I want a function that can take an array like [:a, :b, :c] and recursively set hash keys, creating what it needs as it goes.

hash = {}

hash_setter(hash, [:a, :b, :c], 'value') 
hash #=> {:a => {:b => {:c => 'value' } } }

hash_setter(hash, [:a, :b, :h], 'value2') 
hash #=> {:a => {:b => {:c => 'value', :h => 'value2' } } }

I'm aware that Ruby 2.3's dig can be used for getting in this way, though that doesnt quite get you to an answer. If there was a setter equivalent of dig that'd be what I'm looking for.

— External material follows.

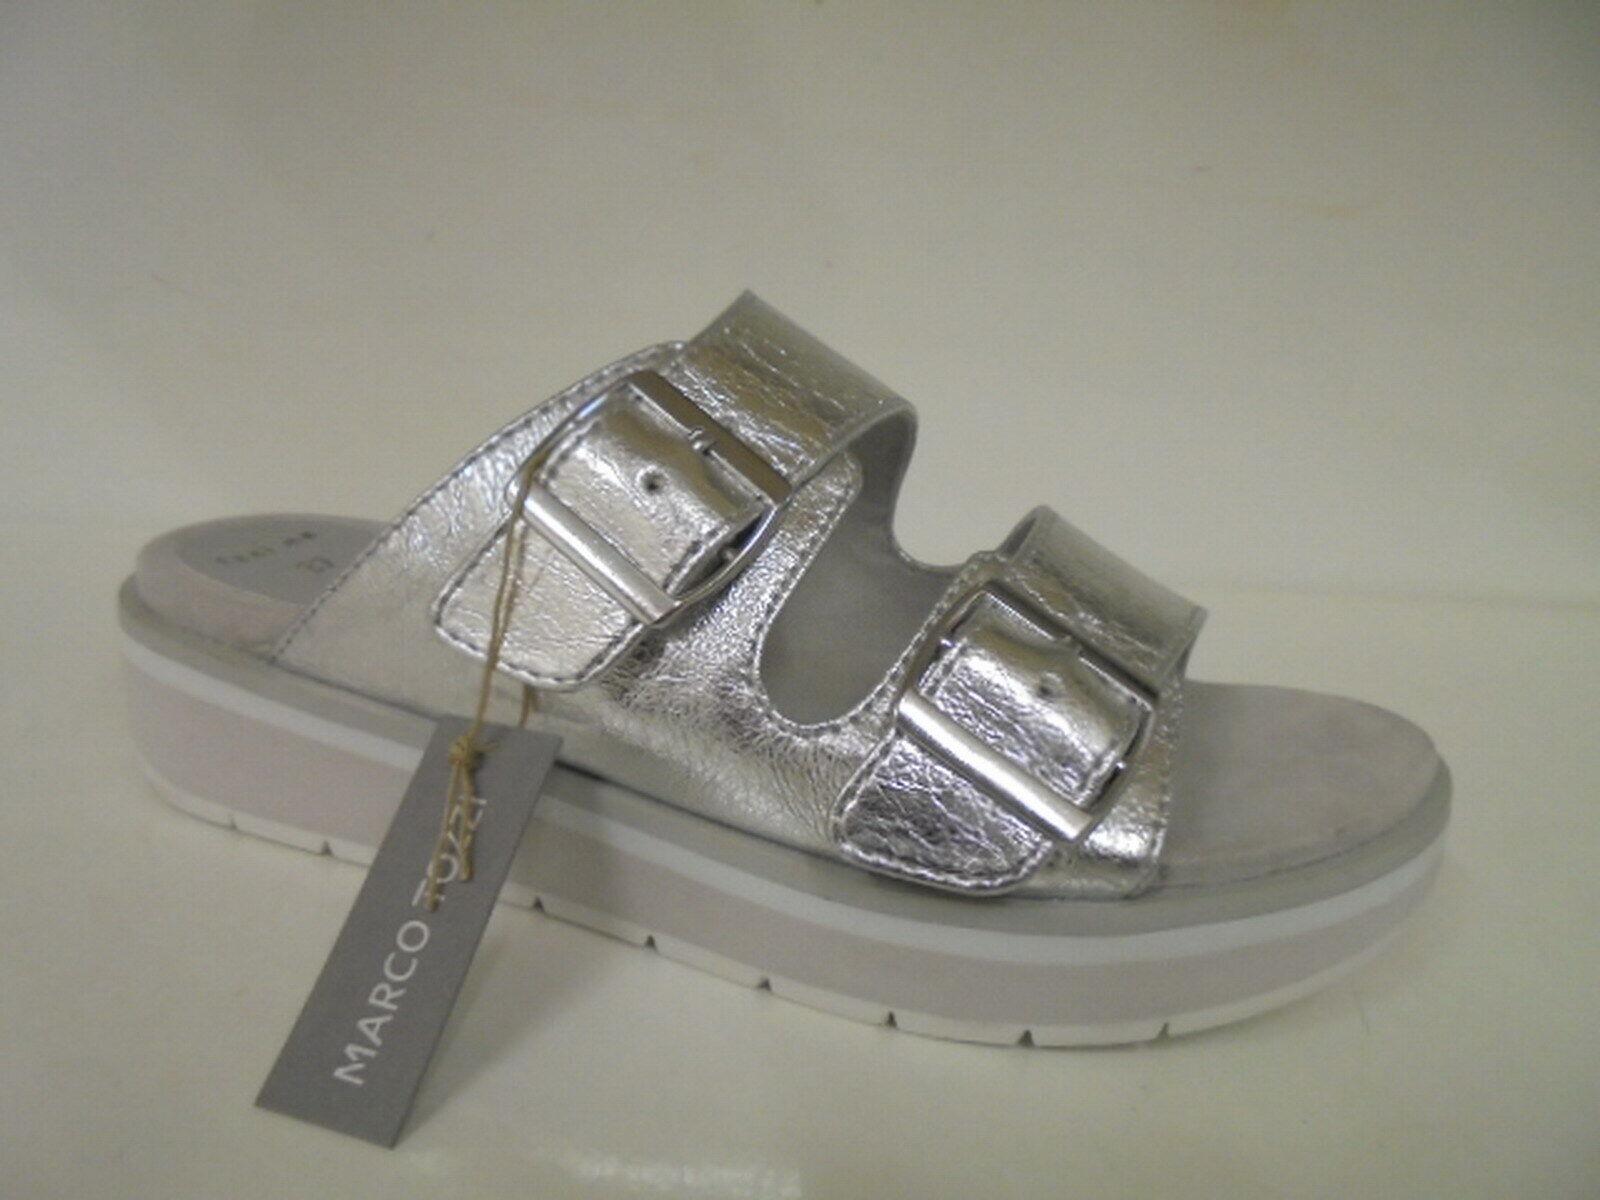 27206 Marco Tozzi Damenschuhe Sandale Pantolette silber Gr. 39

I'm mapping parent -> child relationships from an array to a hash. — Ben G, Apr 30 '17 at 03:06
What's the first parameter meant to do? I don't really understand what your aim is — Alexander, Apr 30 '17 at 03:08
@Alexander the first parameter is the hash you're modifying. — Ben G, Apr 30 '17 at 03:13
You never said anything about "modifying". You need need to clarify what you want. — Alexander, Apr 30 '17 at 03:13
Let us [continue this discussion in chat](http://chat.stackoverflow.com/rooms/142992/discussion-between-alexander-and-babonk). — Alexander, Apr 30 '17 at 03:25
*'Looking for the shortest, most elegant answer"* - opinion-based question. *"built-in or one-liner"* – sorry, i wouldn't ordinarily comment on this stuff, but you've triggered me 4 times in 2 sentences... — Mulan, Apr 30 '17 at 03:34
@naomik By those standards, this should be on codegolf.stackexchange.com — Alexander, Apr 30 '17 at 03:37

Cary Swoveland · Answer 1 · 2017-05-01T00:26:03.820

Code

def nested_hash(keys, v, h={})
  return subhash(keys, v) if h.empty?
  return h.merge(subhash(keys, v)) if keys.size == 1
  keys[0..-2].reduce(h) { |g,k| g[k] }.update(keys[-1]=>v)
  h
end

def subhash(keys, v)
  *first_keys, last_key = keys
  h = { last_key=>v }
  return h if first_keys.empty?
  first_keys.reverse_each.reduce(h) { |g,k| g = { k=>g } }
end

Examples

h = nested_hash([:a, :b, :c], 14)    #=> {:a=>{:b=>{:c=>14}}}
i = nested_hash([:a, :b, :d], 25, h) #=> {:a=>{:b=>{:c=>14, :d=>25}}}
j = nested_hash([:a, :b, :d], 99, i) #=> {:a=>{:b=>{:c=>14, :d=>99}}}
k = nested_hash([:a, :e], 104, j)    #=> {:a=>{:b=>{:c=>14, :d=>99}, :e=>104}}
    nested_hash([:f], 222, k)        #=> {:a=>{:b=>{:c=>14, :d=>99}, :e=>104}, :f=>222}

Observe that the value of :d is overridden in the calculation of j. Also note that:

subhash([:a, :b, :c], 12)
  #=> {:a=>{:b=>{:c=>12}}}

This mutates the hash h. If that is not desired one could insert the line

  f = Marshal.load(Marshal.dump(h))

after the line return subhash(keys, v) if h.empty? and change subsequent references to h to f. Methods from the Marshal module can be used to create a deep copy of a hash so the original hash is not be mutated.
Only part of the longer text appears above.